Minimum Viable Product

Once you have achieved the Milestones, you will have to do the following to get a minimum viable product:

  • In your if __name__ == '__main__' block, you will have to accept a command line argument from the user This will become your target directory.
    • If the user has entered more than one argument, or their argument isn't a valid directory, print an error message.
    • If the user doesn't specify any target, use the current directory.
  • Call call_du_sub with the target directory.
  • Pass the return value from that function to create_dir_dict.
  • Pass the dictionary into get_total to get the total size of the target.
  • For each item in your dictionary (excluding the target):
    • Use the total size of the target directory to calculate percentage.
    • Once you've calculated percentage, call percent_to_graph with a max_size of your choice.
    • For every subdirectory, print at least the percent, the bar graph, and the name of the subdirectory.
    • The target directory should not have a bar graph.
  • Finally, print the total size of the target directory.

Additional Features

After completing the above, you may choose to add some additional features. Some improvements you could make are:

  • Format the output in a way that is easy to read.
  • Convert bytes into a human readable format.
  • Add colour to the output.
  • Include files in the output.
  • Include a threshold, so that results that are less than a user-specified size get excluded from results.
  • Add more error checking, print a usage message to the user.
  • Accept more options from the user.
  • Sort the output by percentage, or by filename.
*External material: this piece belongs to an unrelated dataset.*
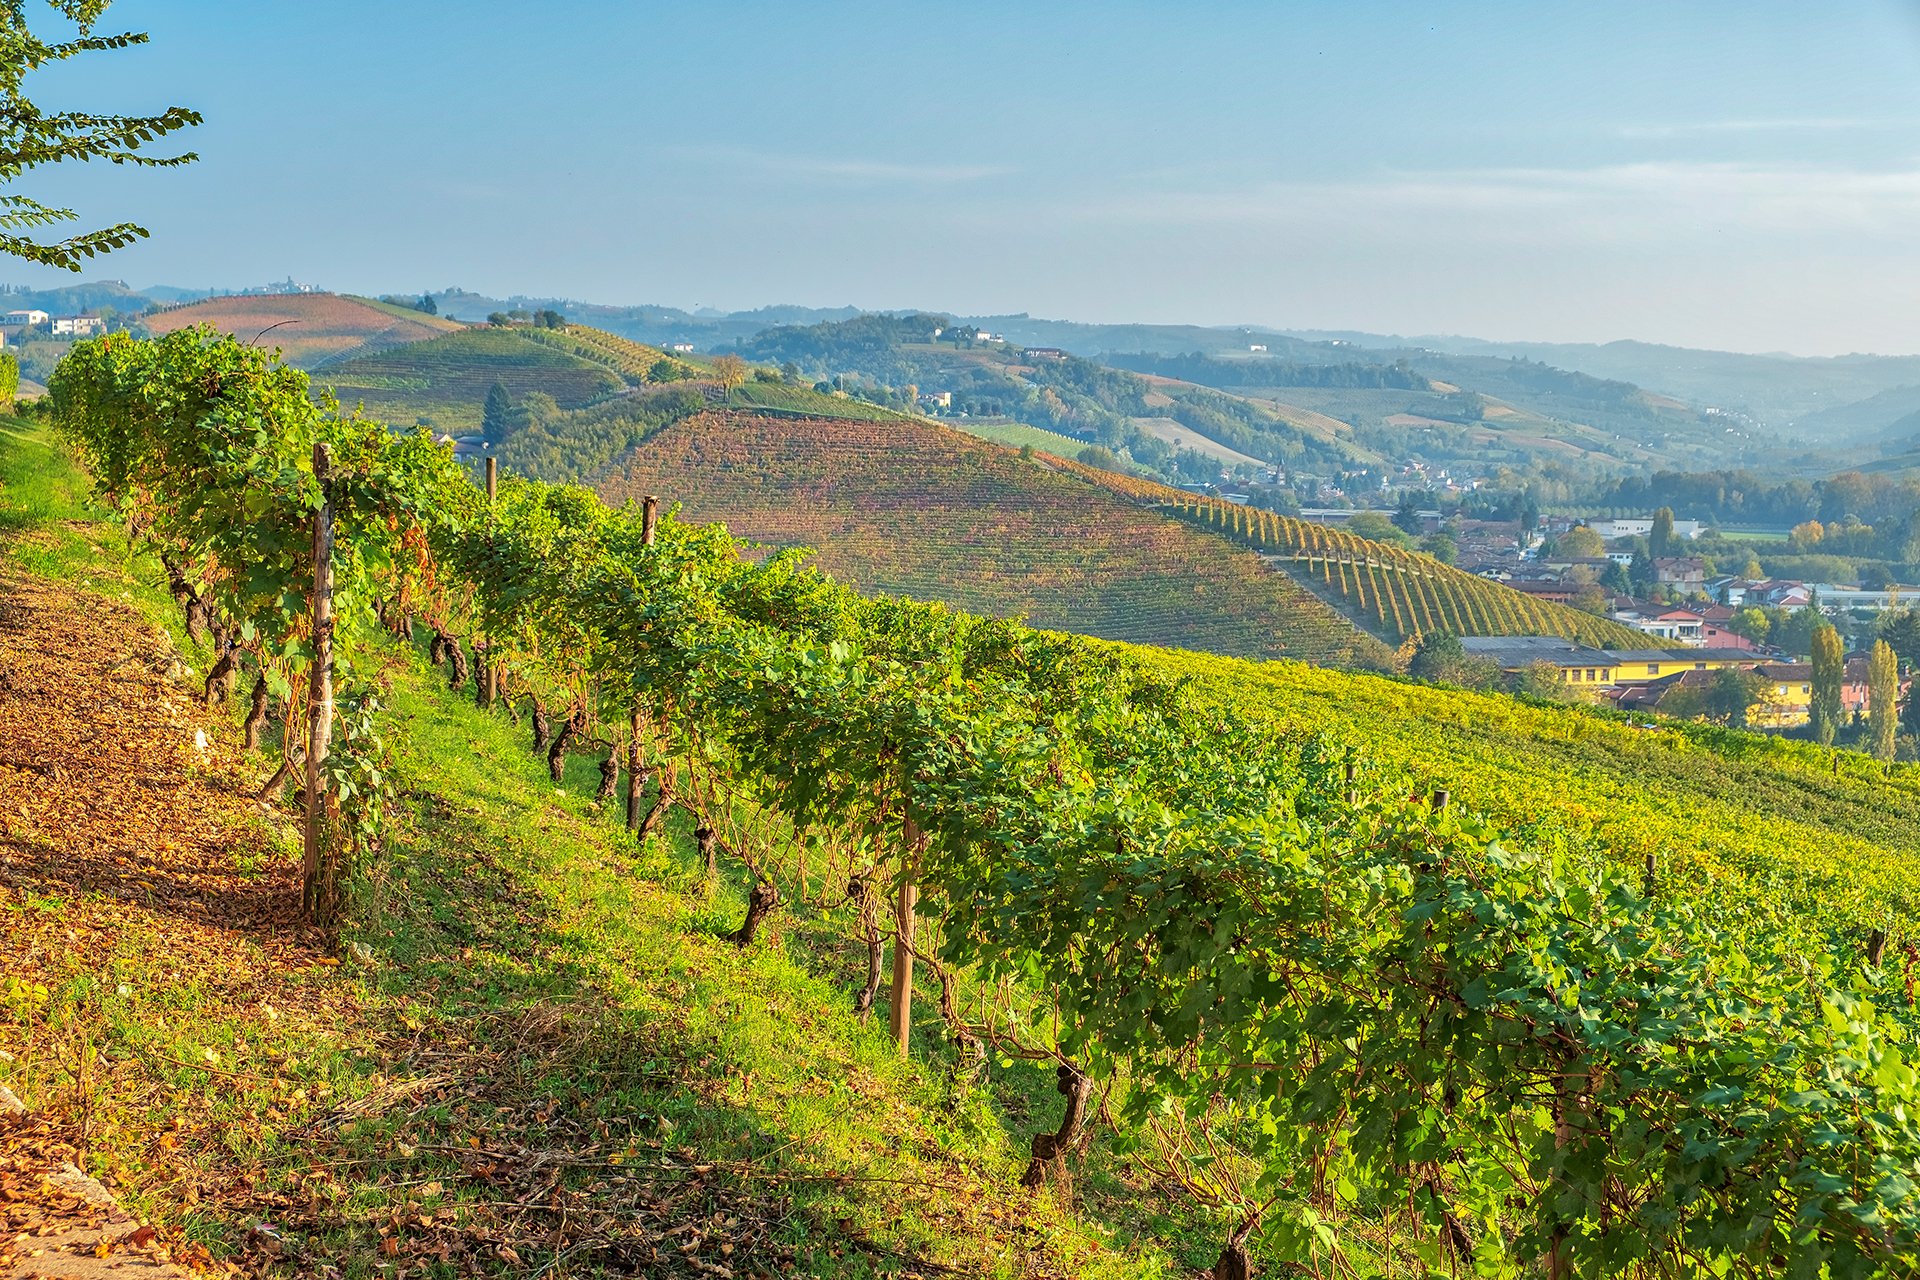 Vinery region of Piemonte, Northern Italy.
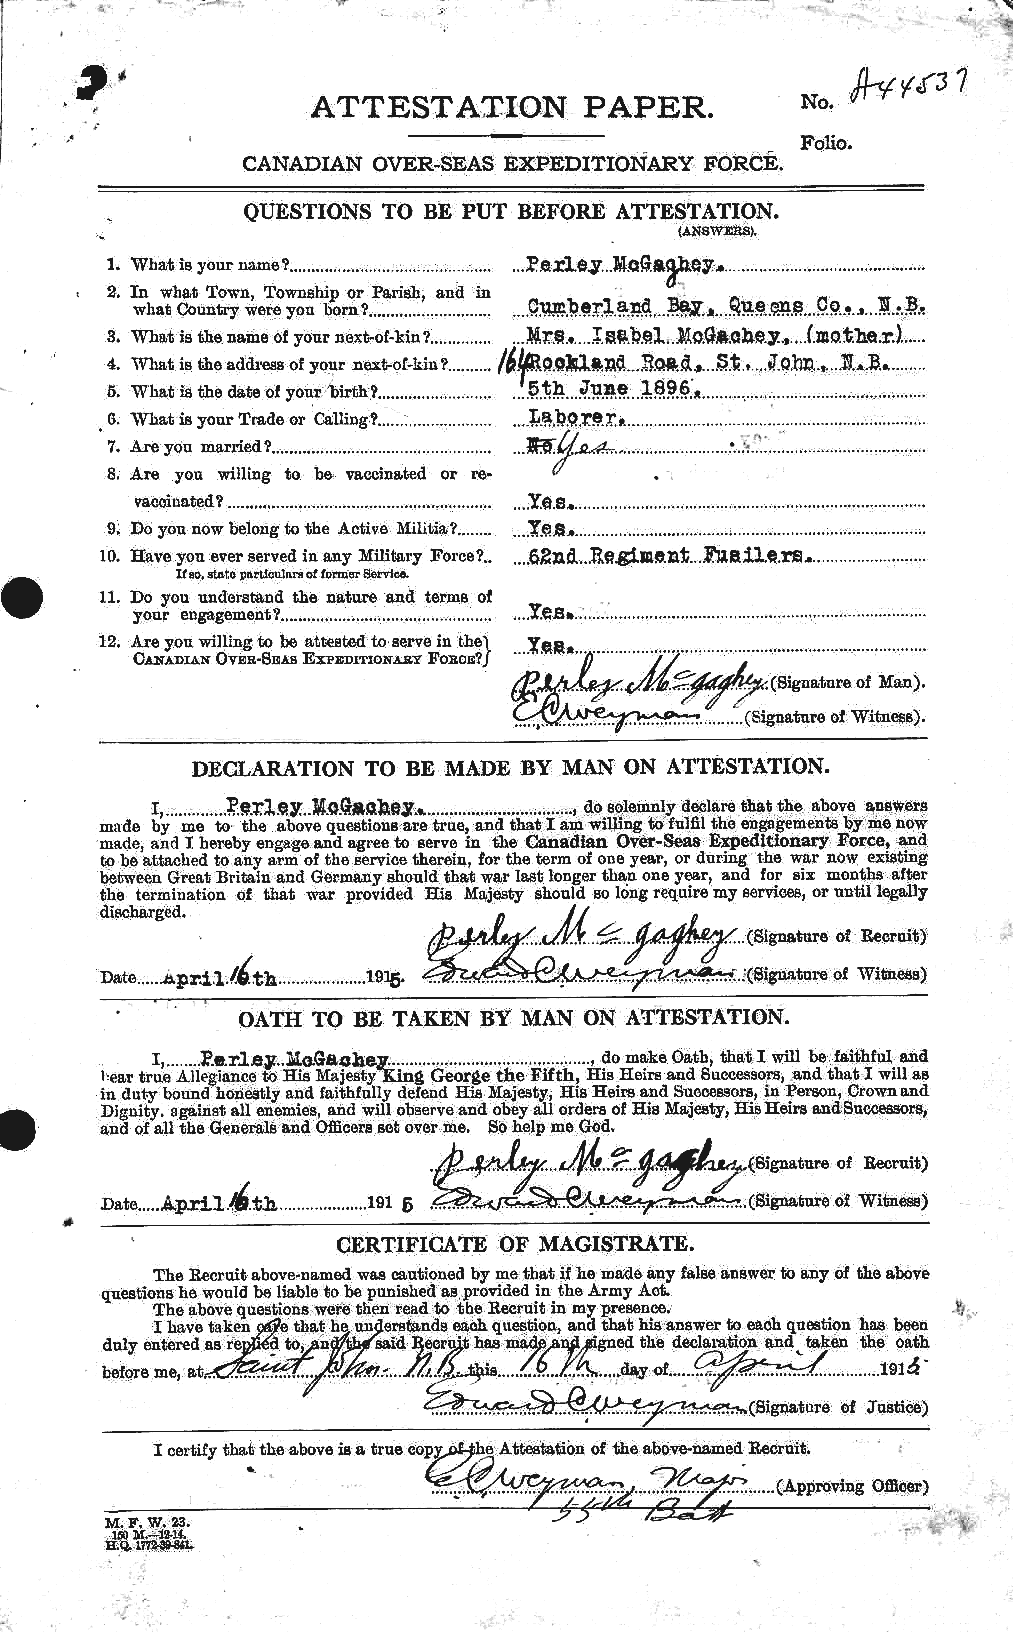 Dossiers du Personnel de la Première Guerre mondiale - CEC 522648a

The Assignment (due November 4, 11:59pm)

  • Be sure to make your final commit before the deadline. Don't forget to also use git push to push your code into the online repository!
  • Then, copy the contents of your duim.py file into a Word document, and submit it to Blackboard. I will use GitHub to evaluate your deadline, but submitting to Blackboard tells me that you wish to be evaluated.

Rubric

Task Maximum mark Actual mark
Program Authorship Declaration 5
First Milestone 10
Second Milestone 10
percent function design 10
get total function design 10
other functions design 5
Error checking and exception handling 10
required functions readability/variable naming 5
main loop design 5
main loop readability 5
docstrings and comments 15
github.com repository: Commit messages and use 10
Total 100

Due Date and Final Submission requirement

Please submit the following files by the due date:

  • [ ] your python script, named as 'duim.py', in your repository, and also submitted to Blackboard, by November 4 at 11:59pm.